In most parts of the country, food habits follow the seasons – this is also what Ayurveda, the ancient science of food and medicine, recommends. A change in season is supposed to indicate a change in the elements of nature, which in turn have a direct bearing upon the three elements or doshas – vata (air/wind), pitta (fire) and kapha (earth and water) – that constitute the human body. Seasonal diets prescribed in Ayurvedic texts are designed to create a balance in the body and pacify the dosha aggravated during a particular season. The strict stipulations of Ritucharya (seasonal guidelines in Ayurvedic texts), don’t hamper the flavour or diversity of the season’s culinary catalog.
Fortifying immunity
During the rains, Ayurveda recommends food that pacify the aggravated vata dosha, and strengthen the weakened digestive fire. In simpler terms, the dark, damp months of monsoon are prone to diseases (especially those related to the stomach) and it’s a good idea to consume food that fortifies the immune system.

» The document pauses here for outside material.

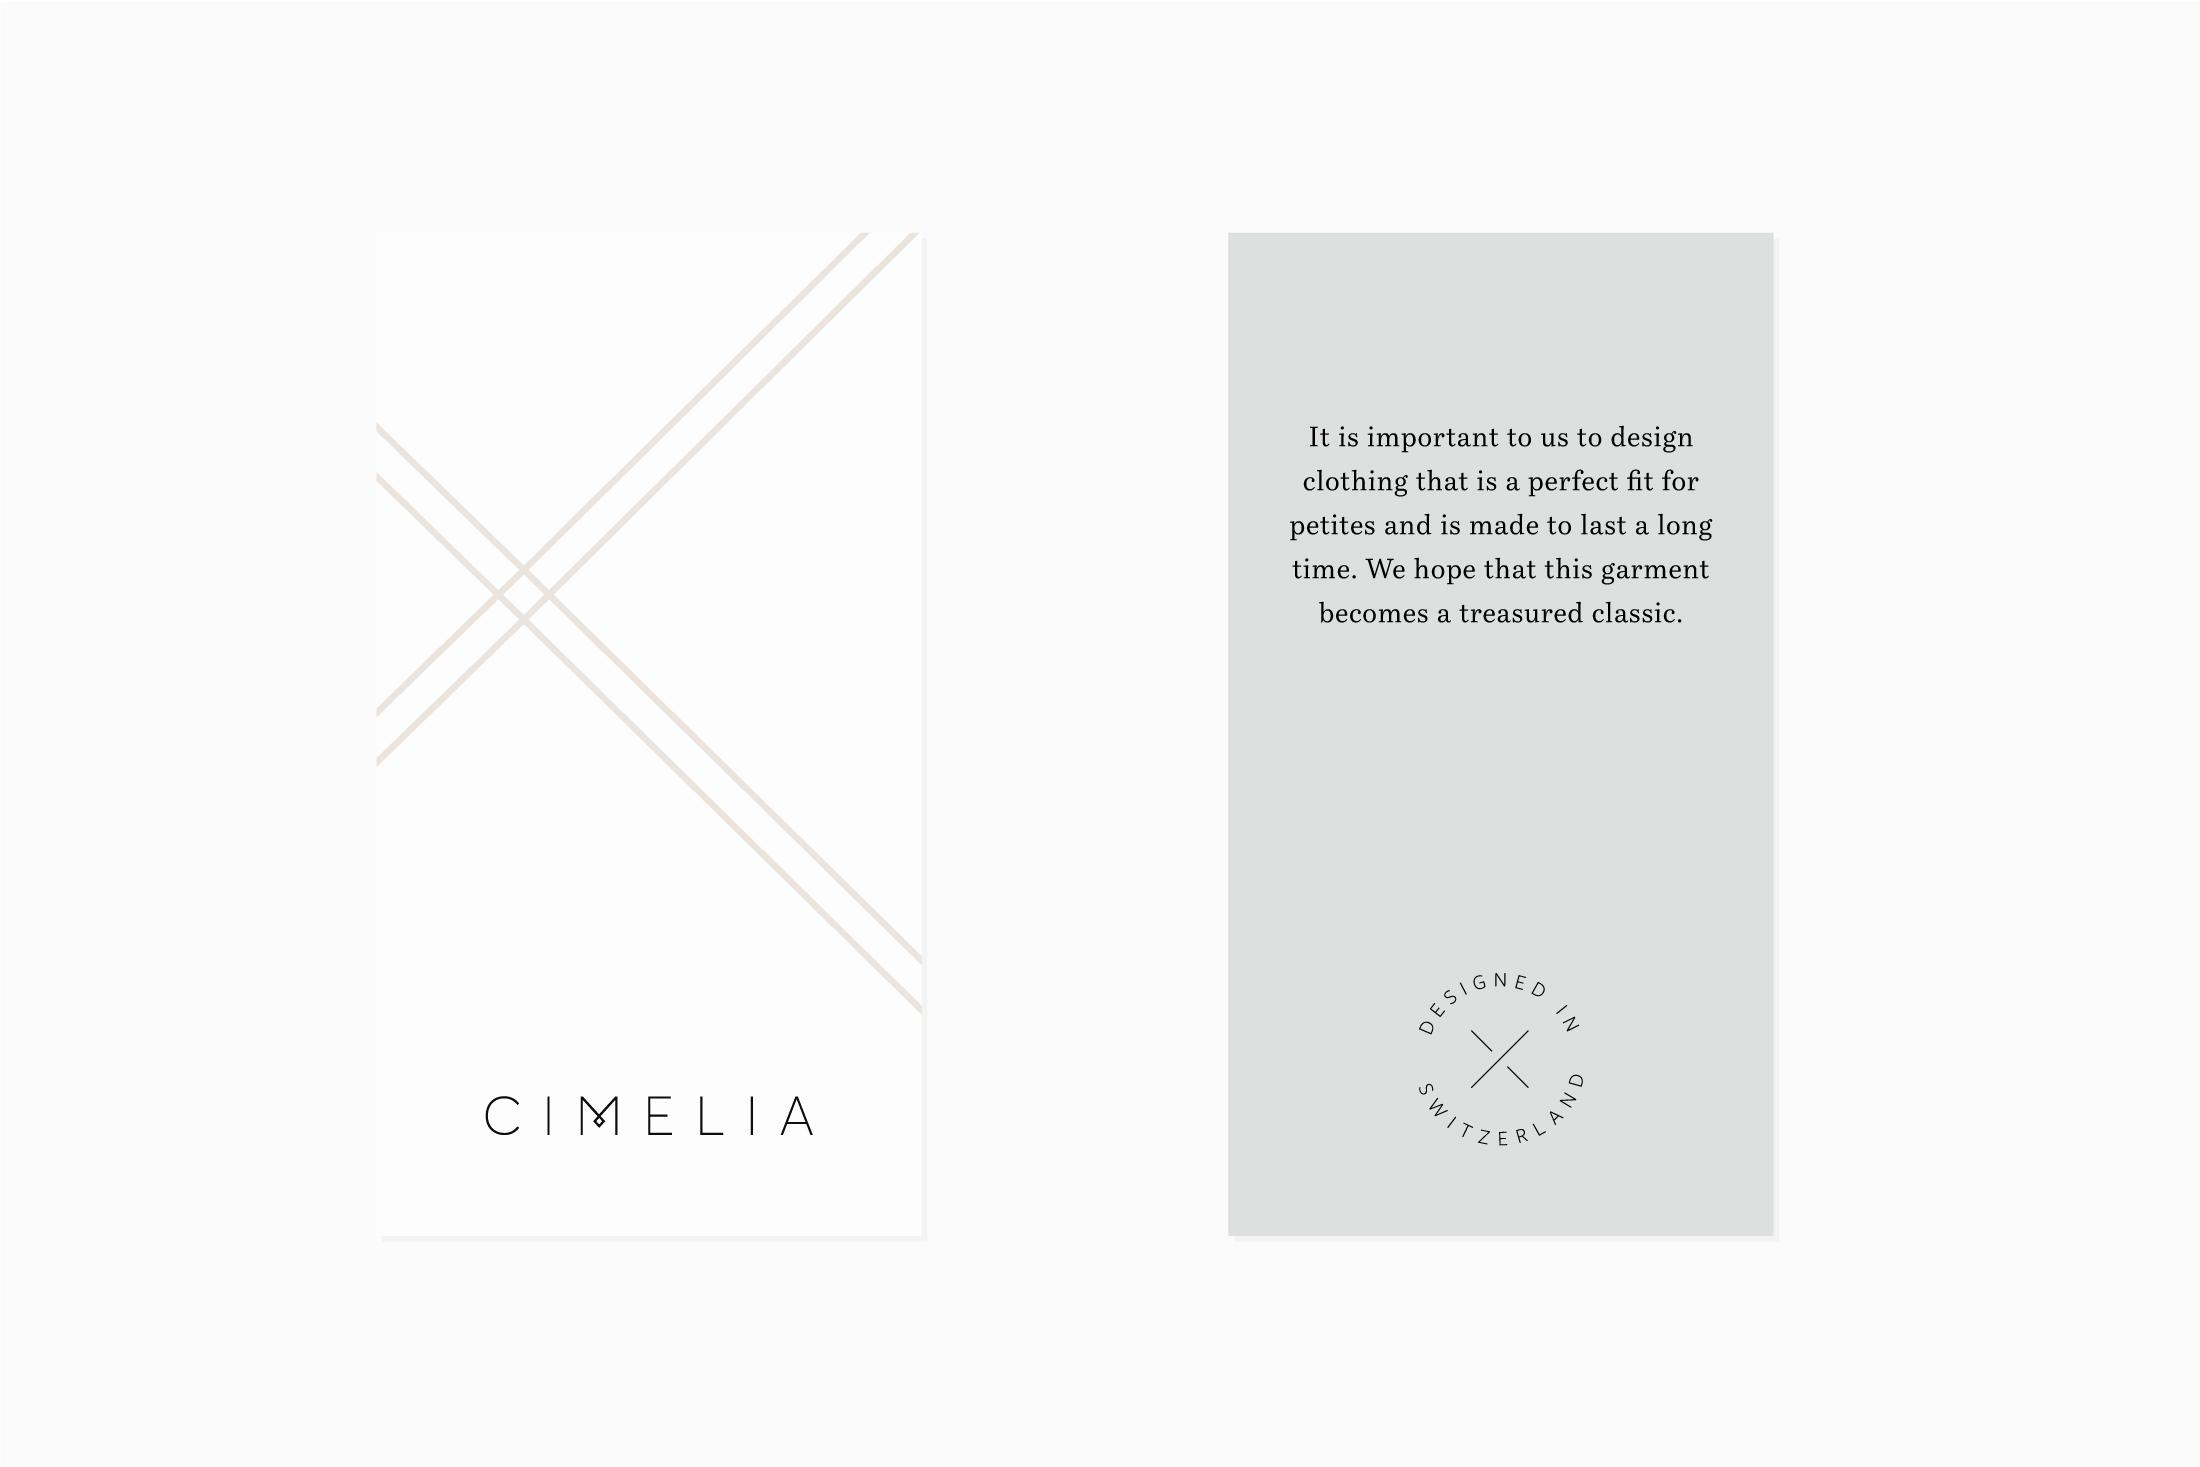 CIMELIA-labels.jpg

Warm, spicy, tangy and oily food (known to balance the vata dosha), spices that aid digestion, and medicinal concoctions like the trikatu (a mix of dry ginger, black pepper and long pepper), or even a mix of amla and rock salt, are encouraged.
In Kerala, traditional monsoon fare includes medicinal porridges and gruels like the Karakadaka Kanji – a rice gruel cooked in coconut milk, infused with medicinal herbs and spices like fenugreek, coriander and cumin seeds, dry ginger, cardamom, cloves, caraway and other rarer ingredients. Only the GI-tagged Njavara rice, known for its curative virtues, is used for this recipe.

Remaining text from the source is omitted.